Все, кроме меня. Я уверена – Эви жива, она где-то ходит, где-то дышит. Я должна держаться за это. В этом моя последняя надежда.
Поэтому ни в коем случае нельзя впадать в панику.
Да, я не могу шевельнуть пальцем, не могу издать ни звука, но верю, что в моих силах помочь отыскать и спасти ее, ведь память пока не изменила мне. Я помню всё.
А это значит, что остается только одно: вспоминать, как всё началось.
И даже раньше.
Глава 2
Три года назад
Тони
Голые стены нового жилья были гладкими и холодными, словно обнаженная кость.
И не было ничего, что могло бы их оживить.
Все это место – пустая упаковка, лишенная какого-либо содержания или характера, не более. Одно большое пятно яичной скорлупы или растоптанного цветка магнолии. Не самая вдохновляющая атмосфера – если не считать страданий и страха.
Да, дом был чистым и функциональным, но я всегда любила цвет.
Помню, как наслаждалась простором нашей прежней гостиной. Огромным окном-эркером и бирюзово-черной акцентной стеной с обоями пейсли[1 - Пейсли – каплеобразный орнамент с восточным колоритом, названный в честь одноименного шотландского городка, текстильщики которого активно продвигали на рынок ткани с ориентальным рисунком.], на выбор которых ушла неделя: целых семь дней мы жили с образцами разных обоев, пришпиленными к каминной полке, присматривались, привыкали, а потом каждый высказал свое мнение, и мы сделали выбор – все втроем.

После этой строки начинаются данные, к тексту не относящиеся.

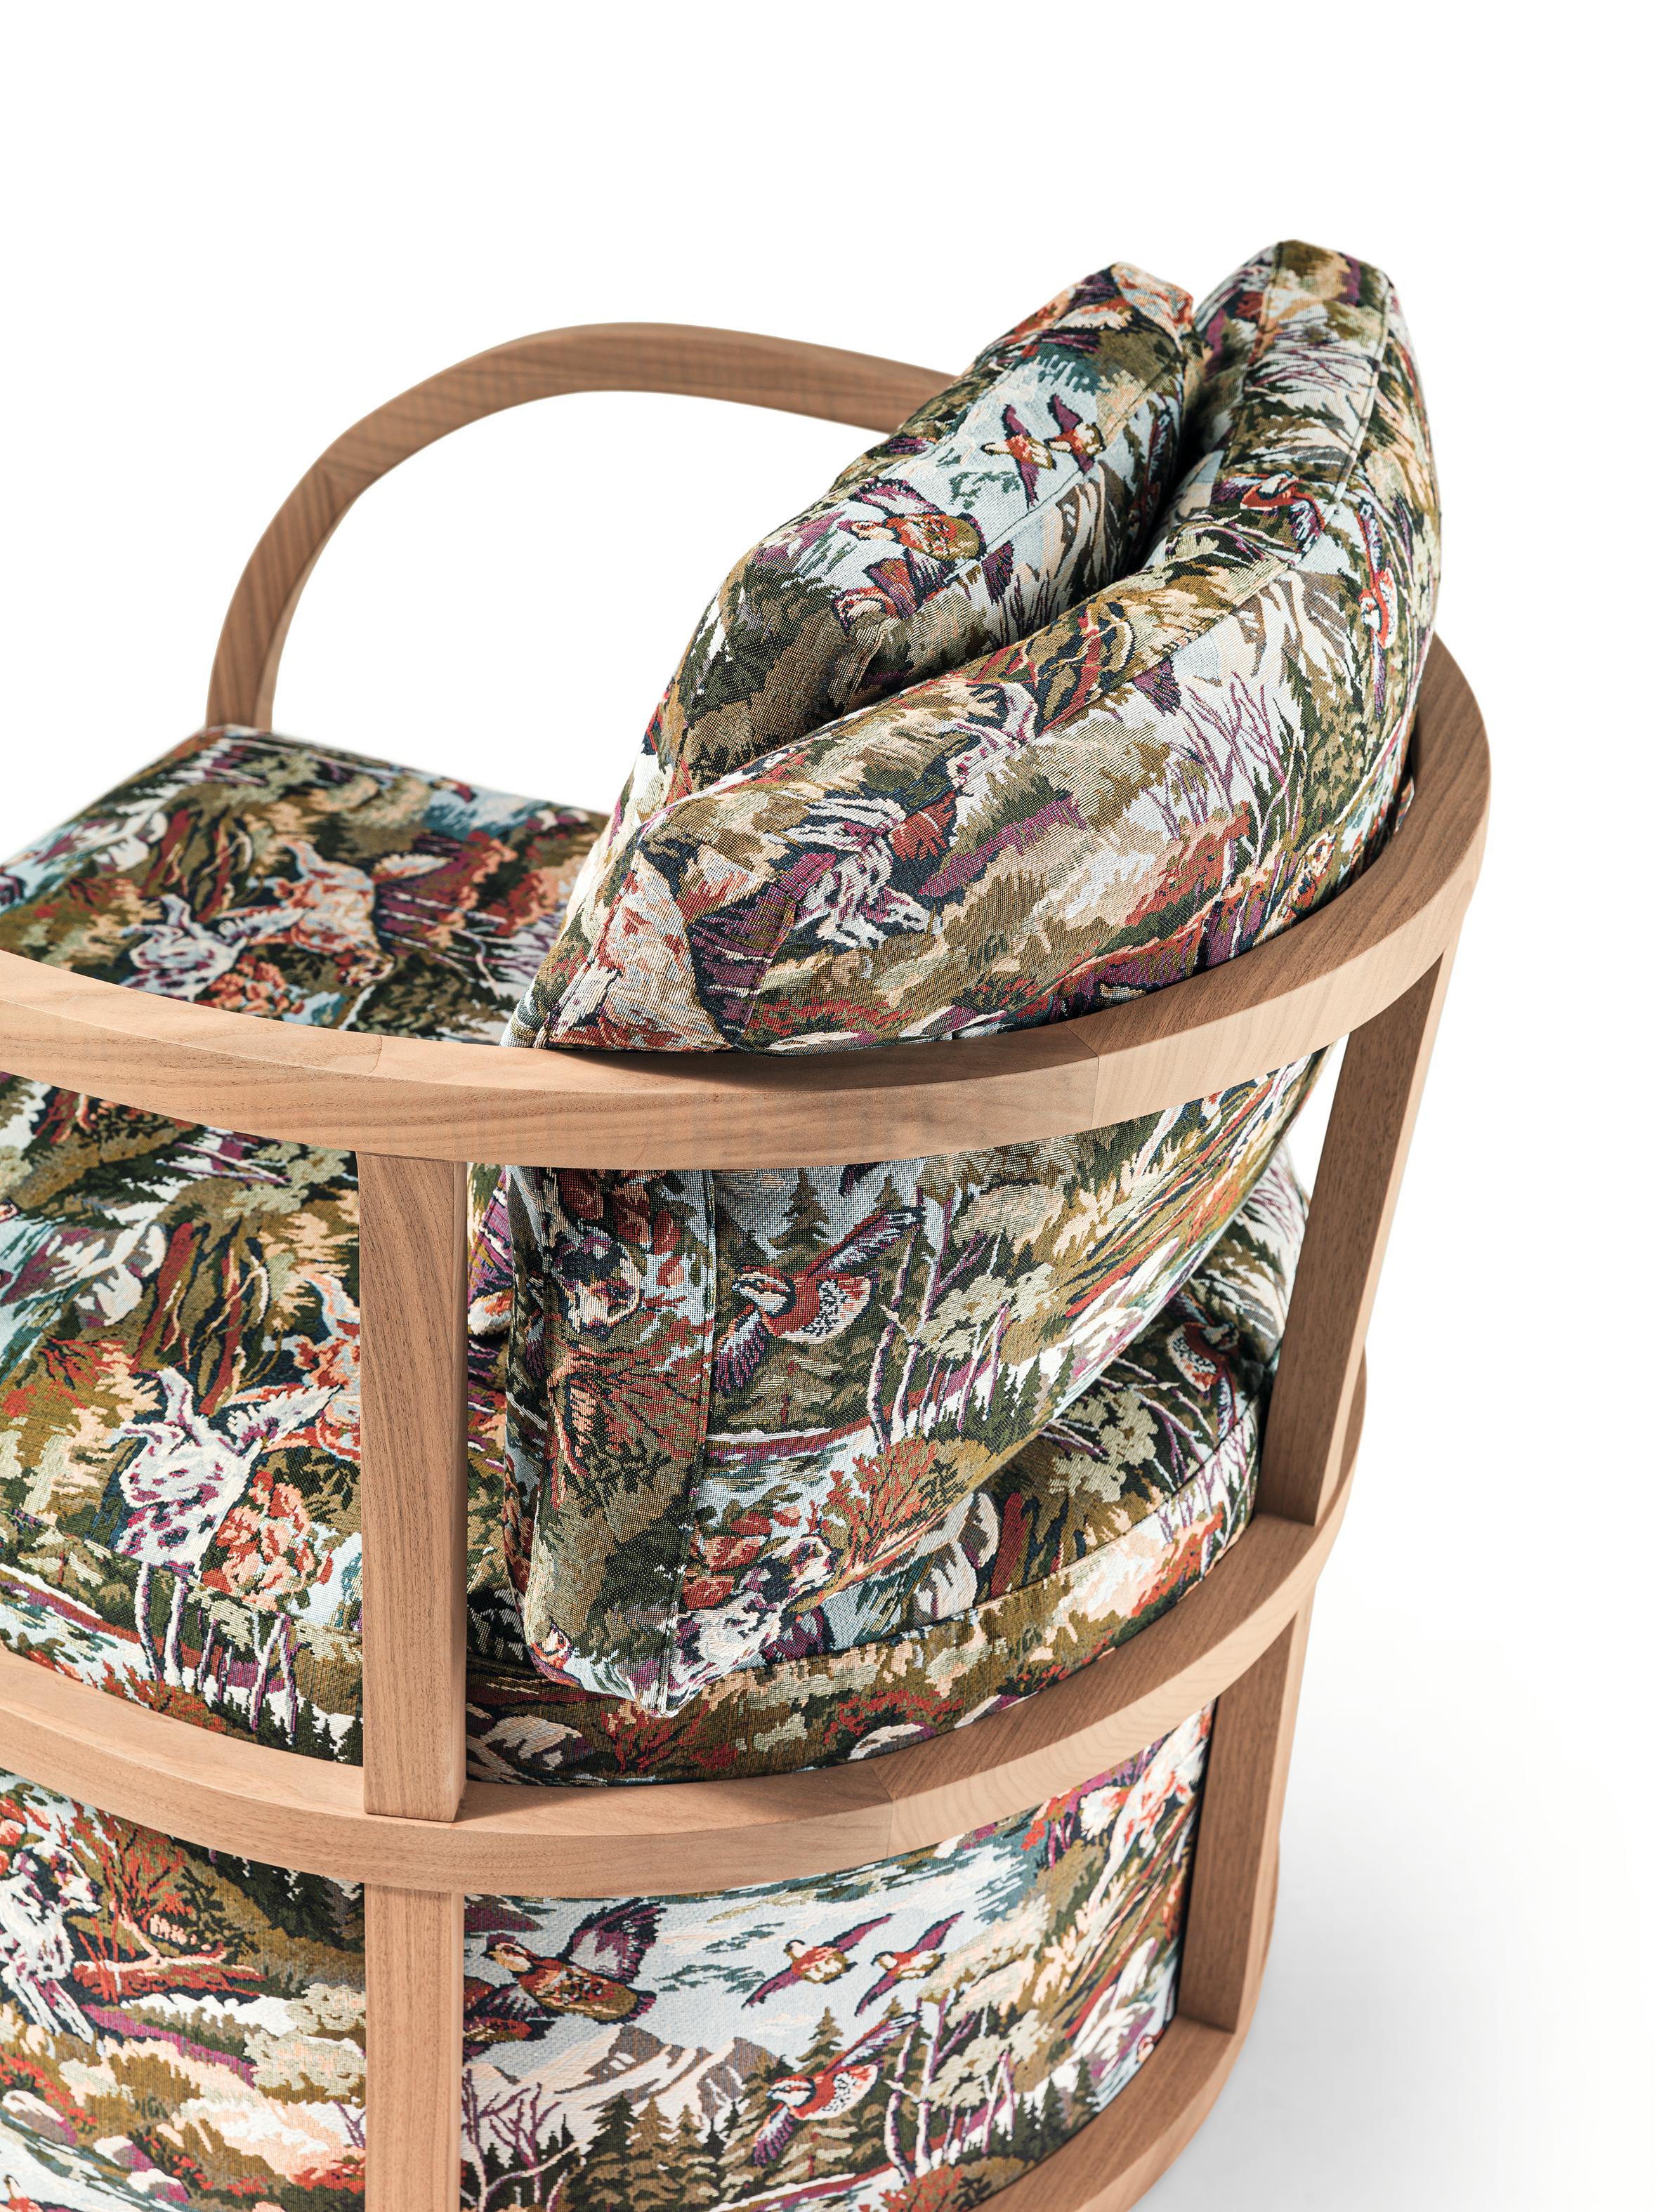 FUSTA Curve Lounge Armchair in Solid Canaletto Walnut by Storagemilano In New Condition For Sale In Lentate sul Seveso, Monza e Brianza

Я в очередной раз обежала взглядом голые стены, неприкрытые плинтусы, крошечную прихожую и жмущиеся друг к другу комнатушки, как будто надеялась обнаружить некий шарм, скрытый от меня прежде.
Ощущение было такое, словно жизнь навсегда лишилась цвета и текстуры. Словно мою душу вымазали безвкусным оттенком магнолии, внутри и снаружи.
Повернувшись спиной к блеклой белизне, я подошла к окошку и бросила взгляд на плешивый замусоренный газон. Агент по недвижимости претенциозно окрестил его палисадником. Издевался, наверное. Сорняки заслоняли тонкие бордюры, а одуванчики прорастали между плитами тротуара в неудобных, непрактичных местах, колеблемые прохладным бризом и раскачиваясь, как пьяные солдаты на увольнительной.
Я отвернулась от окна и снова оказалась лицом к лицу с комнатой.